Trenton Jerde, Zuckerman Institute; Nikolaus Kriegeskorte, Zuckerman Institute; Nima Mesgarani, Electrical Engineering; Chris Wiggins, Applied Physics and Applied Mathematics
This team will build a complementary mechanism for web-based sharing of reasoned judgments to perform probabilistic inference on contentious claims with machine learning algorithms and bring rationality to the social web.
Ruth DeFries, Ecology, Evolution and Environmental Biology; Arlene Fiore, Earth and Environmental Sciences; Jeff Goldsmith, Biostatistics; Marianthi-Anna Kioumourtzoglou, Environmental Health Sciences; Daniel Westervelt, Lamont-Doherty Earth Observatory; John Wright, Electrical Engineering
This team will develop methods to extract patterns from multiple datasets and identify the dominant sources of air pollution across India and how they vary in space and time. Their work is a step towards the overarching goal of informing effective clean air solutions and reducing public health burdens associated with exposure to air pollution in India.
Kriste Krstovski, Data Science Institute; Yao Lu, Sociology
This team combines new sources of labor market data with data science methods to identify factors and environments that shape gender and racial inequality in high-skilled labor market. The team will chart long-term career trajectories of a large number of high-skilled American workers and examine gender and racial variations; and construct measures of company environment, especially that pertains to gender and racial equity, and assess its consequences for the career path of different groups of skilled workers.
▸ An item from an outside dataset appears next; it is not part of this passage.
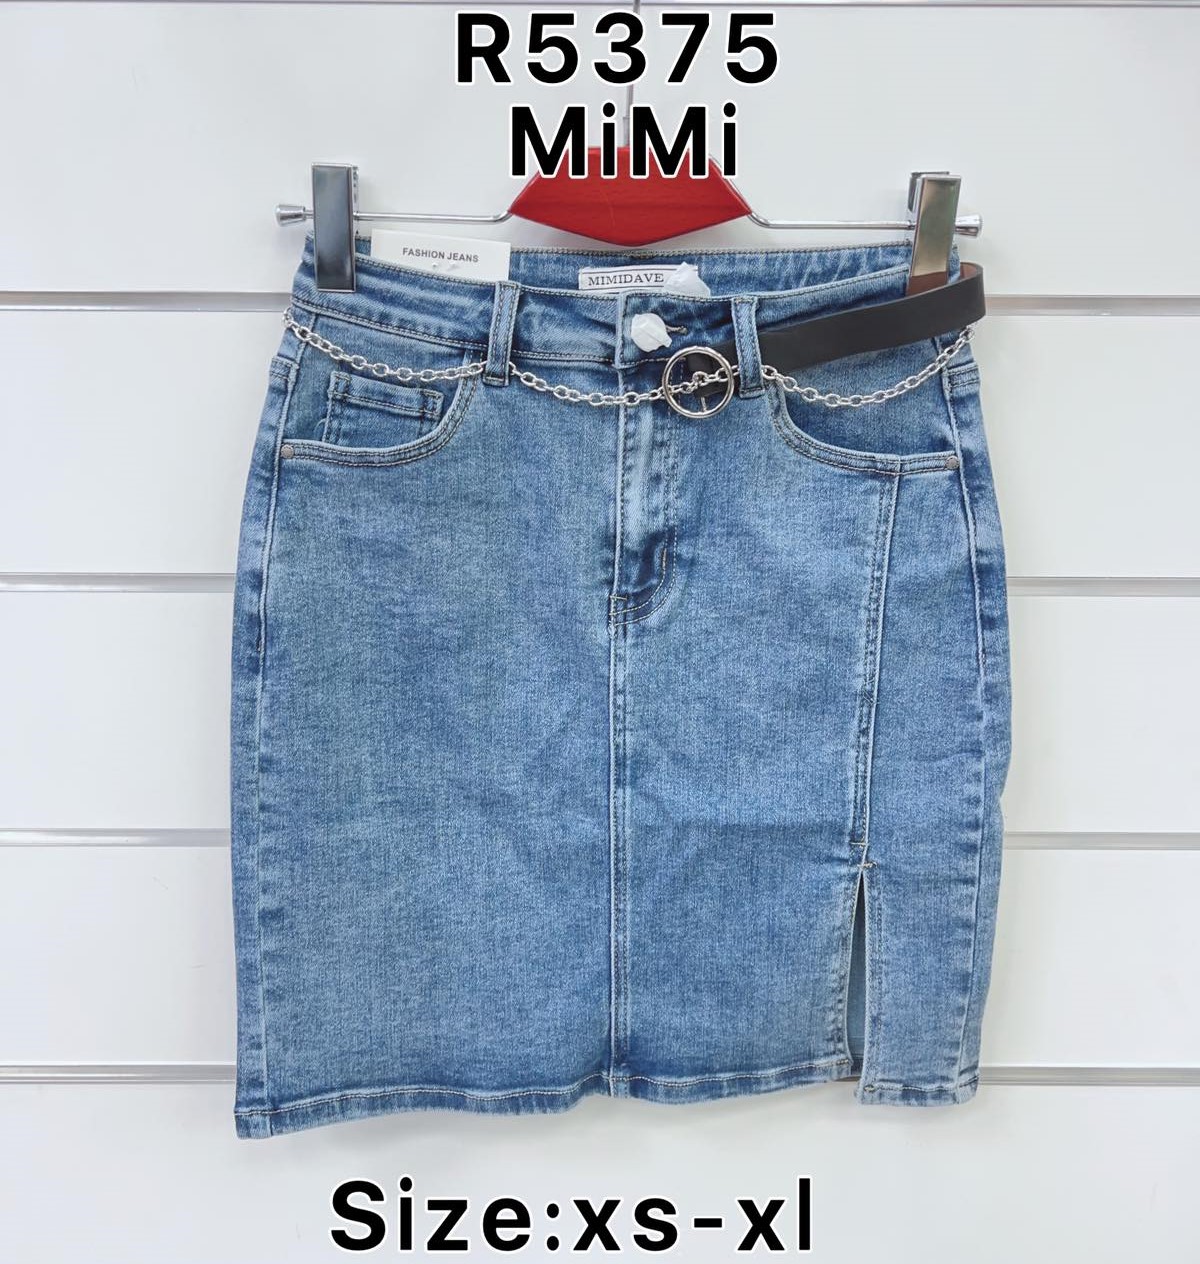 Spódnica  damskie jeans Roz  XS-XL   1 kolor . Paczka 10sz.t

Itsik Pe’er, Computer Science; Anne-Catrin Uhlemann, Medicine
This team is developing methods for temporal analysis of gut microbiome compositions to better define the risk of infections in liver transplant recipients. They will integrate existing coarse resolution data with newly collected deep metagenomics and metabolomics data.
Piero Dalerba, Pathology and Cell Biology; Jianhua Hu, Biostatistics; Mary Beth Terry, Epidemiology; Wan Yang, Epidemiology
This team will build a novel model-inference system to study the dynamics of colorectal cancer, test a range of risk mechanisms over the life course, and identify key risk factors underlying the recent increase in young onset colorectal cancer incidence in the United States to support more effective early prevention.
Elham Azizi, Biomedical Engineering; Jellert Gaublomme, Biological Sciences; Brent Stockwell, Biological Sciences
This team will develop probabilistic models to elucidate the role of intercellular interactions in driving susceptibility of treatment-resistant mesenchymal tumor cells to a newly discovered ferroptotic vulnerability, which could offer a therapeutic avenue to prevent survival of these cancer cells that are prone to metastasis.